Light used to activate drugs in lab
The Daily Telegraph has reported the development of a new cancer treatment “that uses light to target tumour cells”. The newspaper explained that researchers have “created a drug that is packed with light-sensitive molecules that accumulate around cancer cells. When light is shone through the tumour, the molecules are activated and kill the cancer cells.”
The news comes after scientists performed a laboratory study in which they produced a new type of tiny, light-sensitive particle that could enter laboratory-grown cancer cells. The researchers found that their "nanoparticles" could enter human colon cancer cells grown in a laboratory, and that when the particles were stimulated by light, they could kill these cancer cells.
The direct implications for humans of this very early experimental study are currently limited. Further basic research is needed to assess a number of important issues, such as whether it is possible to use these particles to target cancer cells, avoiding healthy cells.
Where did the story come from?
The study was carried out by researchers from the University of Hull. The research paper did not state any sources of funding for the research. The study was published in the peer-reviewed scientific journal Molecular Pharmaceutics .
The Daily Telegraph did a good job of explaining the principles of using light-sensitive nanoparticles to target cancer, but the article did not emphasise that this was an experimental study conducted on cells in culture.
What kind of research was this?
This laboratory research combined two different experimental treatment technologies: light-activated drugs and tiny nanoparticles, which can be used to help deliver drugs to specific types of cells within the body. Nanoparticles are very tiny particles, typically one-millionth of a millimetre in size. They can potentially contain a drug and can be surrounded by a chemical shell that targets the drug towards a particular cell type. In this case, the nanoparticles contained a chemical that was activated by light to produce toxic substances to potentially kill cells. These types of light-activated chemicals have been used in a treatment called photodynamic therapy.

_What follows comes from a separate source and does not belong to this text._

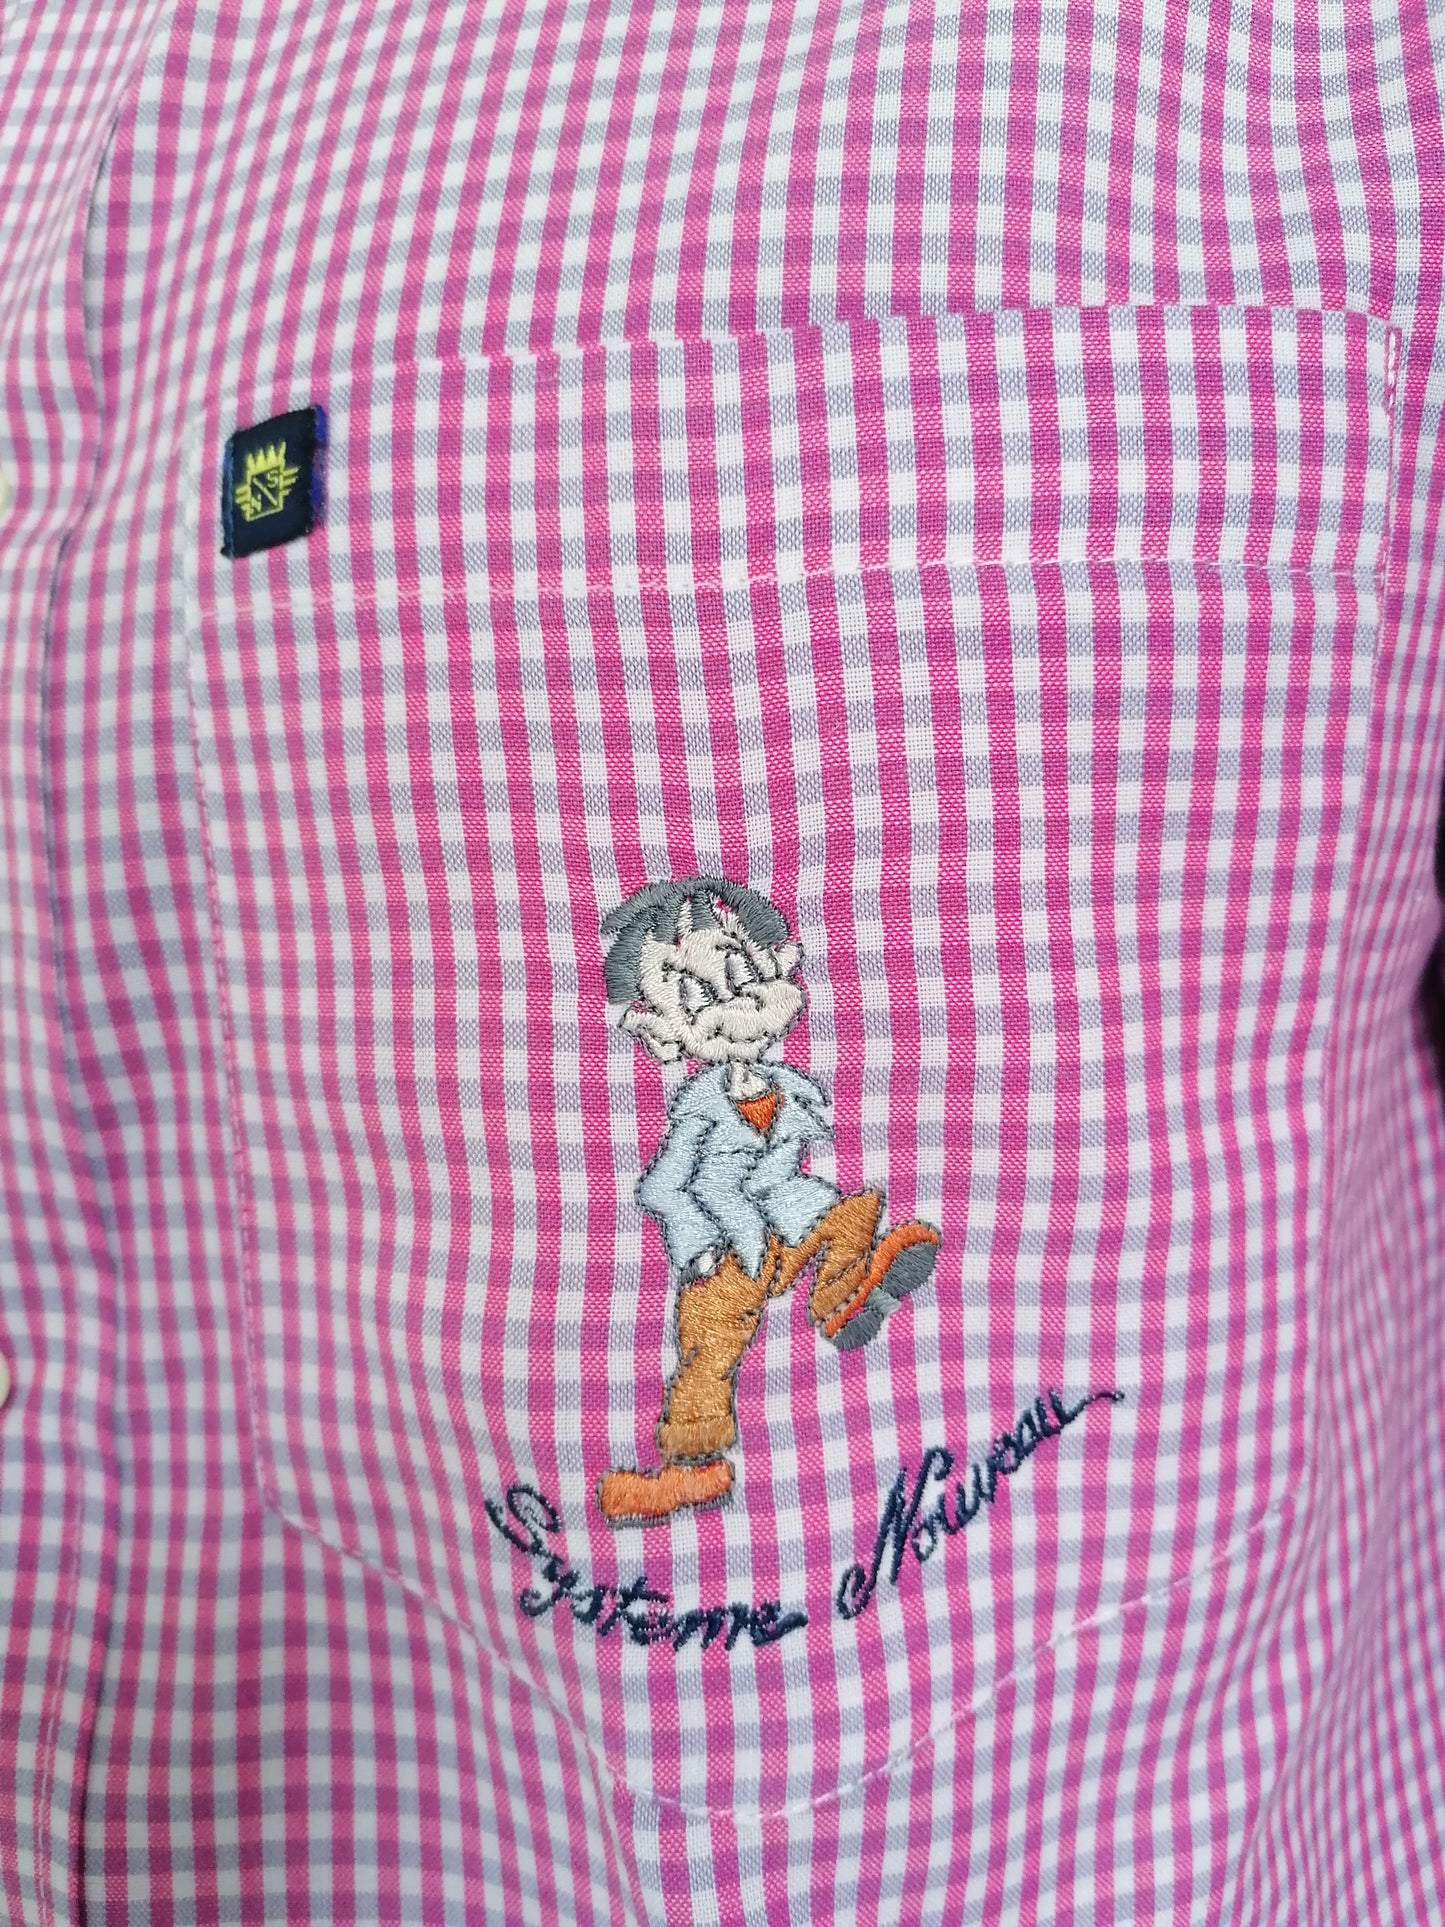 Vintage Systeme Nouveau overhemd. Roze Wit geblokt. Maat L.

The researchers wanted to see whether they could make nanoparticles containing light-activated chemicals that could be taken up by cancer cells, and to test whether they would kill the cancerous cells when exposed to a particular wavelength of light.
What did the research involve?
The researchers developed two types of nanoparticles, one of which was on average 45-billionths of a metre wide, the other about 95-billionths of a metre wide.
The two types of nanoparticles contained chemicals that are activated by light (photosensitizer chemicals) on their outside shell. One type contained one photosensitizer (PCNP) and the other contained two photosensitizers (PCNP-P)
The nanoparticles fluorescently glowed when light was shone on them. The researchers looked at the proportion of cells which were fluorescent after treatment to see whether human colon cancer cells grown in the laboratory would take up the nanoparticles. They did this using a very high-resolution microscope that could detect a fluorescent signal.
The researchers said that when the photosensitizing chemicals were activated by light, they produced toxic chemicals called “reactive oxygen species”. After they added the nanoparticles to the cancer cells, they shone light on them and recorded whether the treatment caused the cancer cells to die.
What were the basic results?
The researchers found that the colon cancer cells in culture were able to take up the fluorescent particles. After 18 hours, the strength of the florescent signal given off suggested that maximum uptake had occurred.
After the researchers treated the cells with nanoparticles for 25 hours, they activated the cells with two doses of light for around 23 minutes. They measured the amount of cell death 18–24 hours later. They found that for cells that had been exposed to the particles but not to light, there was around 20–30% cell death in this period, but for light-exposed cells there was 70–90% cell death.
How did the researchers interpret the results?
The researchers said that their nanoparticles have potential as “delivery vehicles for photodynamic therapy for cancer”.
Conclusion
This laboratory study has developed a way to make a new type of tiny particle, called nanoparticles, that could be selectively activated by exposure to light. It then assessed whether the nanoparticles could enter and kill a type of colon cancer cell when exposed to light.
While this is certainly an intriguing idea, it is too early to say whether these particles could be used as a therapy for cancer. Further basic research would be needed to see if it is possible to target the particles at cancer cells and to make sure they avoid healthy cells. This study only looked at their uptake within a sample of cancer cells.
The production of nanoparticles for delivering drugs is a growing area of chemistry and pharmacy research. However, this technology is still in its early stages and the direct implications of this research for cancer treatment are currently limited.